Starting from the beginning, I was diagnosed with Polycystic Ovarian Syndrome (PCOS) when I was 15. It means that I have a imbalance of certain sex hormones. This causes my follicles to not develop and rather to build up into little cysts on my ovaries. It is characterized by symptoms such as weight problems, acne, unwanted facial hair and, you guessed it, fertility issues.

So, how does this all relate to now? Well, we want a baby and it doesn't seem to be happening. I am just about to start my second month of fertility drugs. The first month was a complete failure. My doctor has me taking a drug called Clomid to help me ovulate. She warned me that I have a chance of getting pregnant with multiples because the drug generally works so well. Not so much in my world. Not only did it not help me ovulate but I didn't end up growing a lining nor did any of my follicles mature.

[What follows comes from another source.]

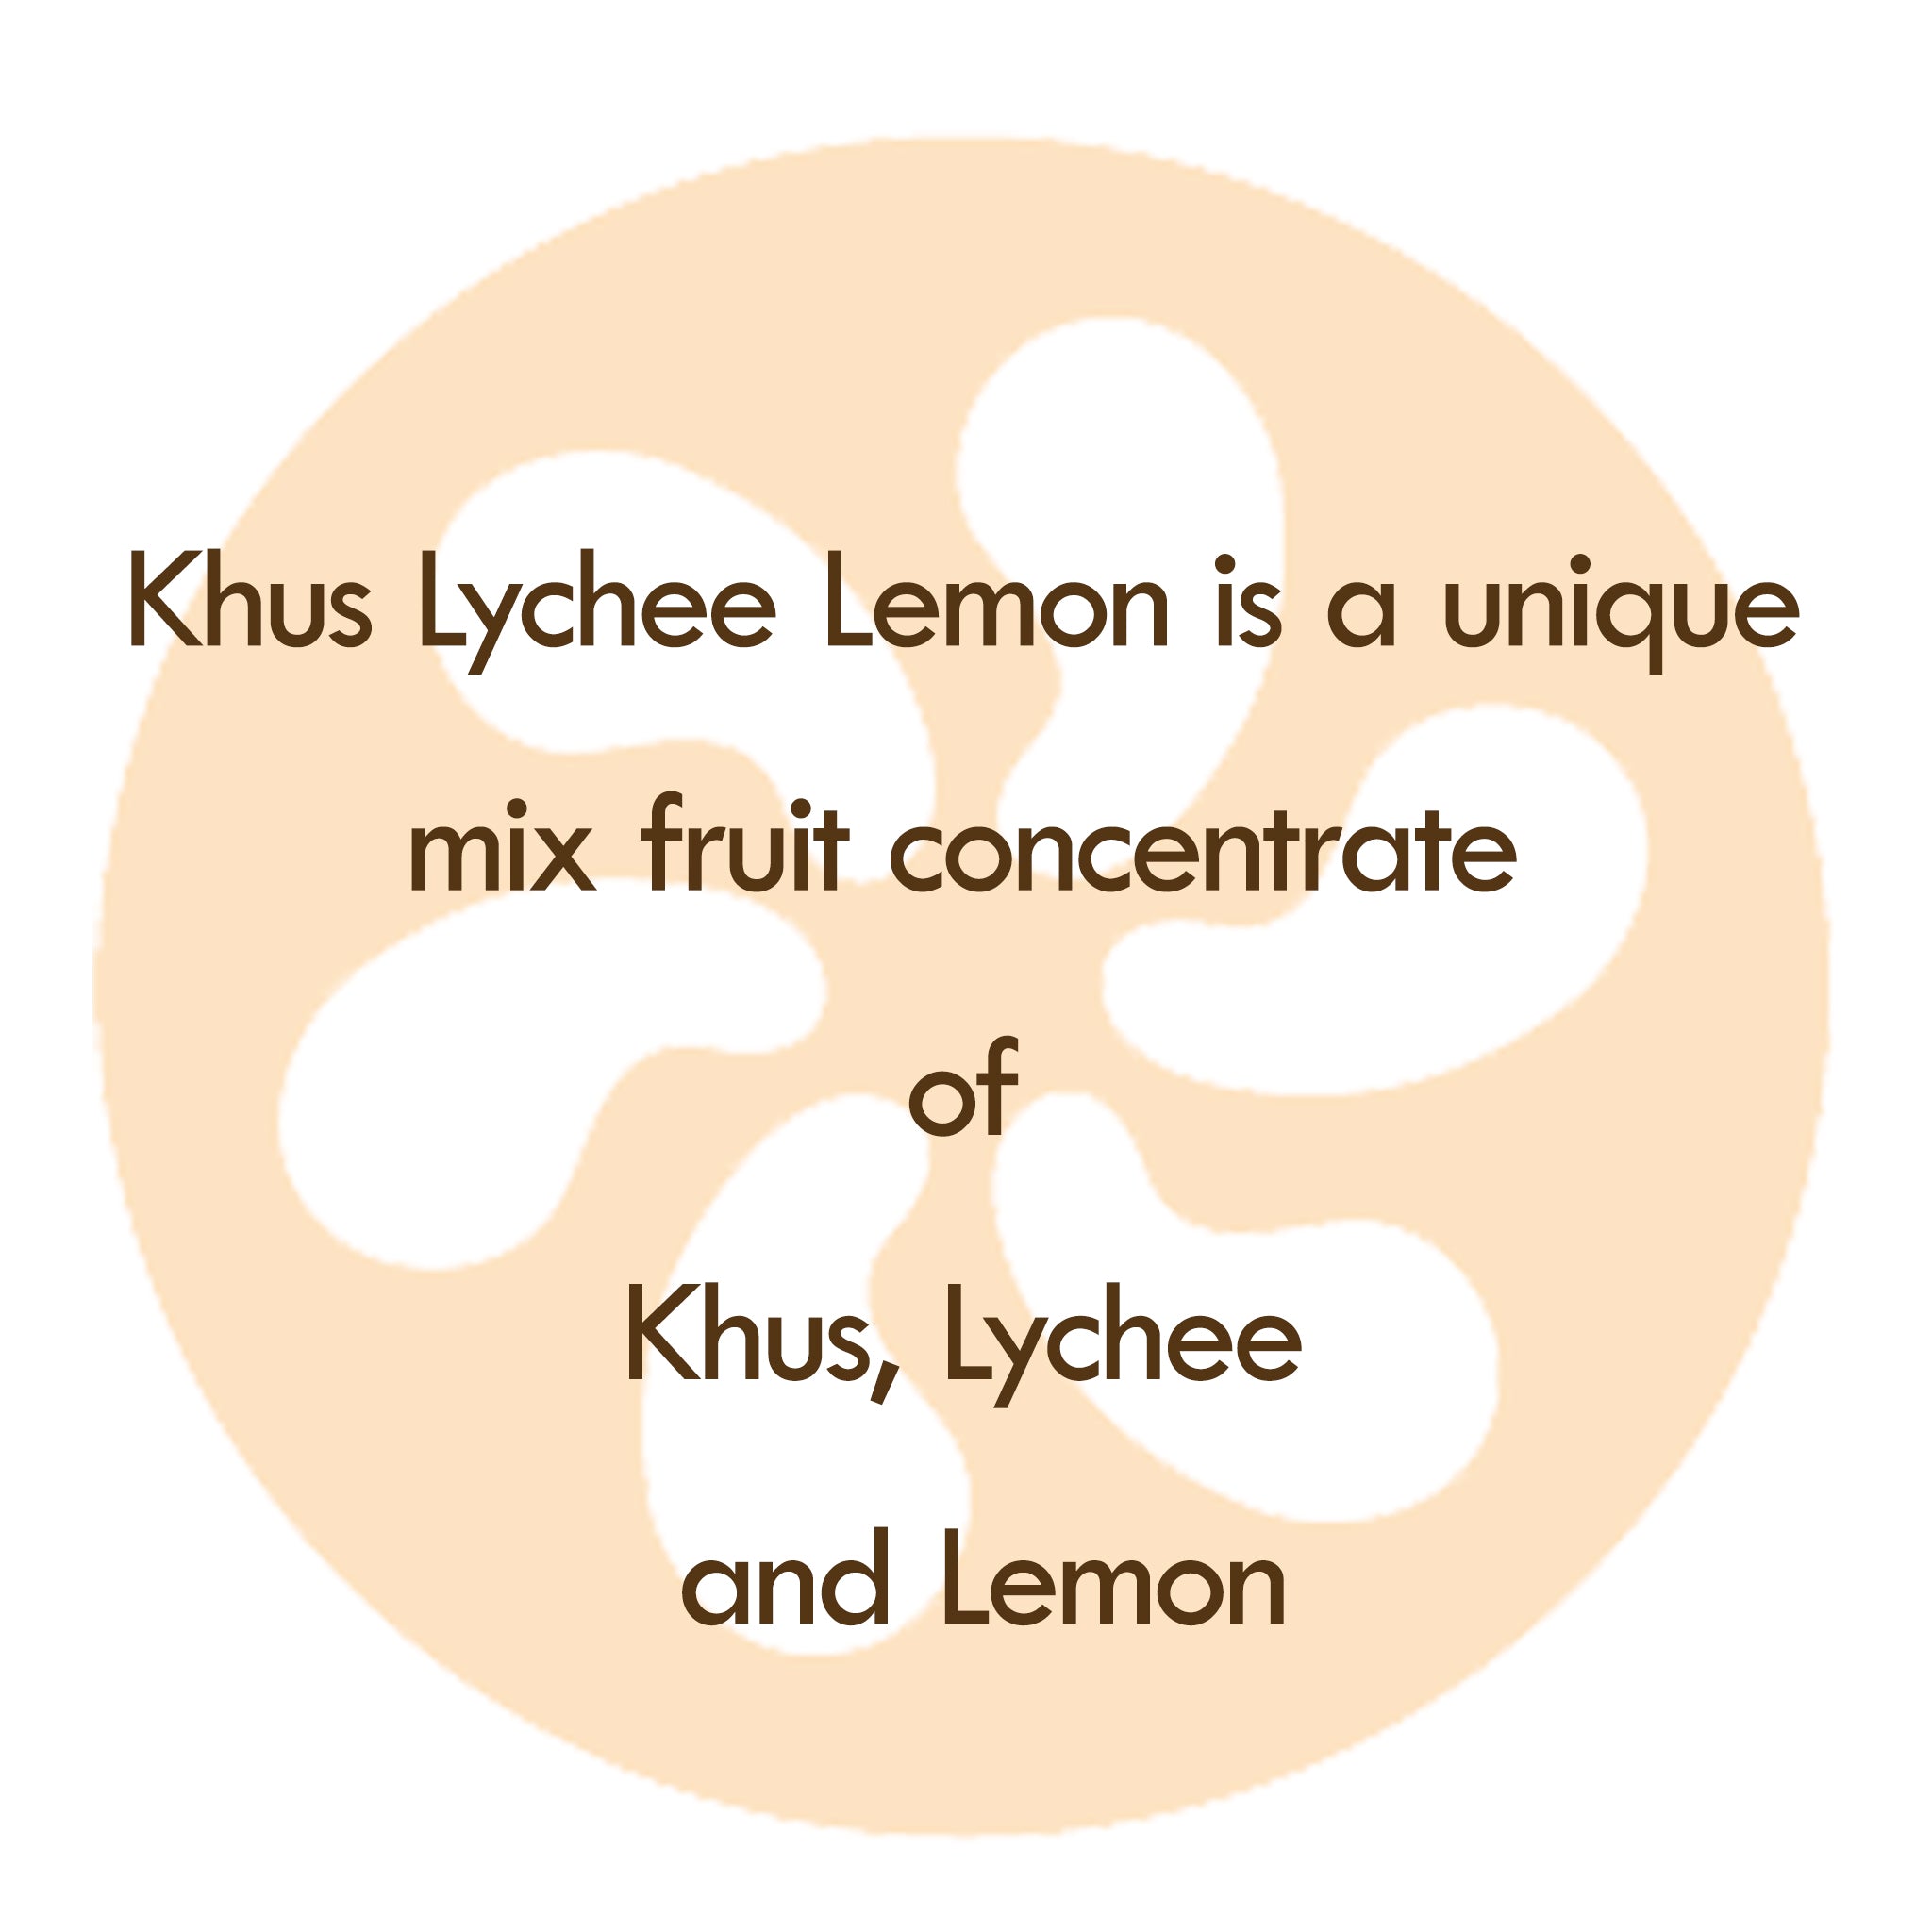 Our Khas Lychee Lemon is a concentrate of Khas, Lychee and Lemon

I have to confess that from the beginning of the "trying to get pregnant" adventure, my heart hasn't totally been into it. James was the driving force behind it. I went along with it because I see what a fantastic dad he is to Katie and I truly believe that he deserves to be a dad both biologically and to experience it from birth on. I had no idea how incredibly heart-breaking it would be to hear the doctor tell me the drugs didn't work. I was shocked to feel my body break down into sobs when I got to the solace of my bedroom. I've decided that maybe I really do want to have another child but the past is stopping me, scaring me. Perhaps the past is the next story I need to tell. Perhaps I'll be able to to let some things go then....
~Andrea

Friday, July 17, 2009

Life Spices huh?

My husband has always told me that writing sooths my soul. Don't tell him but he's right. I have a few reasons to start this blog. One is to give myself a place to "get it all out". The other reason is a bit more personal. Many know we are trying to have a baby. Many don't know why it is taking so long! It's hard to physically talk about all of that so this is going to be where you can find out whats going on 'cause I'm probably not going to talk about it with you!
I love to cook and I'm getting pretty good at it too. Spices are what make a dish memorable. I think life is that way too. Our experiences, good and bad, are what make our lives memorable. So with that said, welcome to the spices of my life!